The aeration unit provides constant agitation of the biocarriers thus allowing the interaction between the microorganisms and the water for filtration and purification. In addition, the aeration unit injects air for promoting the aerobic metabolism of the microorganisms in the biofilter, due to the addition of oxygen in the device.

The biocarrier design is developed in such a way that it provides a hydrodynamic performance aimed at facilitating the wastewater biofiltration process, particularly graywater, so that the biocarriers achieve a greater interaction with water and air, as well as with oxygen and aerobic metabolism.

The tank comprises an inlet for routing the water to be treated and for discharging the water after it has been filtered and purified. Optionally, the tank may include an outlet separated from the inlet for discharging the water once it has been filtered and purified. In one embodiment, the device may optionally include a pre-filter at its inlet aimed at removing particles and suspended solids in the water to be treated prior to its entry into the tank. In one embodiment, the device collects wastewater, in particular gray water, from showers, bathtubs, hand washing and/or laundry to be treated until it is purified.

The microorganisms are embedded in biocarriers that correspond to an inert and light substrate, which allows the growth of microorganisms inside, which are designed for their movement in the water thus favoring the interaction between the microorganisms and the water, and ensuring purification of the treated water.

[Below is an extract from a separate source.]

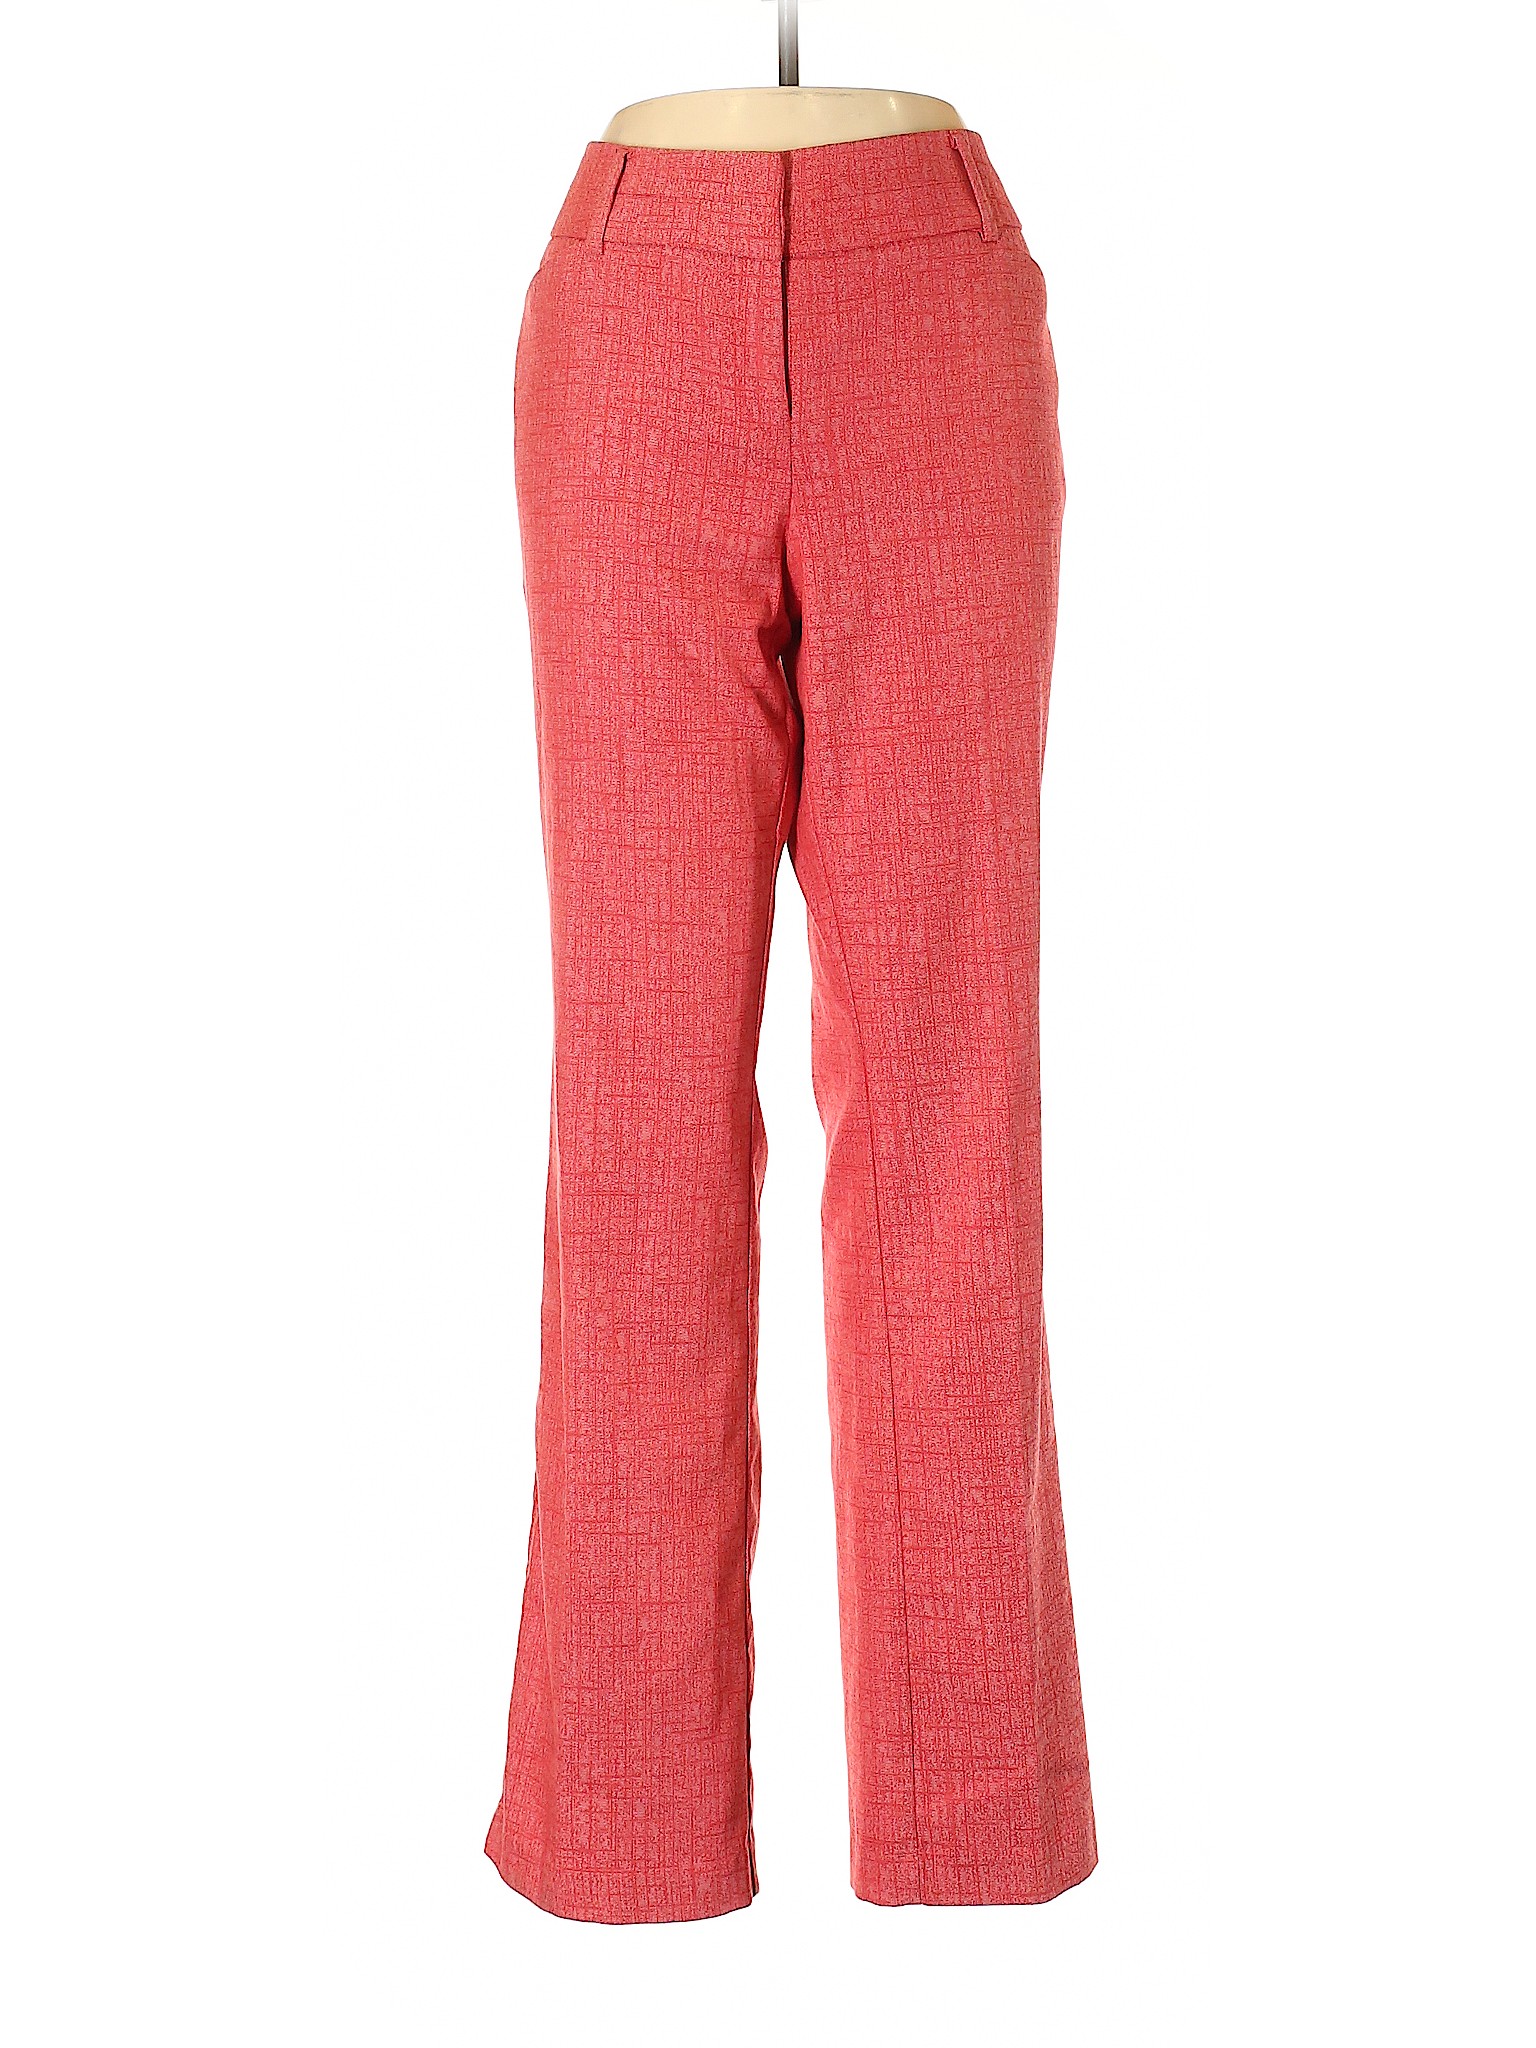 7th Avenue Design Studio New York & Company Women Red Dress Pants 10 | eBay

The biocarrier container confines the grown microorganisms on a plurality of biocarriers and it is mounted inside the tank. In one embodiment, the biocarrier container includes attachment means allowing the container to be anchored inside the tank in such a way that it is suspended or floating without being in contact with the walls of the tank.

The device may comprise connections that allow routing the water to be treated from its source to the collection tank. The device may also include water pumps to discharge purified water to and from the tank, respectively, to facilitate water transportation to be treated and discharge of purified water to and from the tank.

In addition, the device may optionally include a real-time monitoring system, aimed at measuring water quality parameters by using sensors that are integrated in a centralized circuit.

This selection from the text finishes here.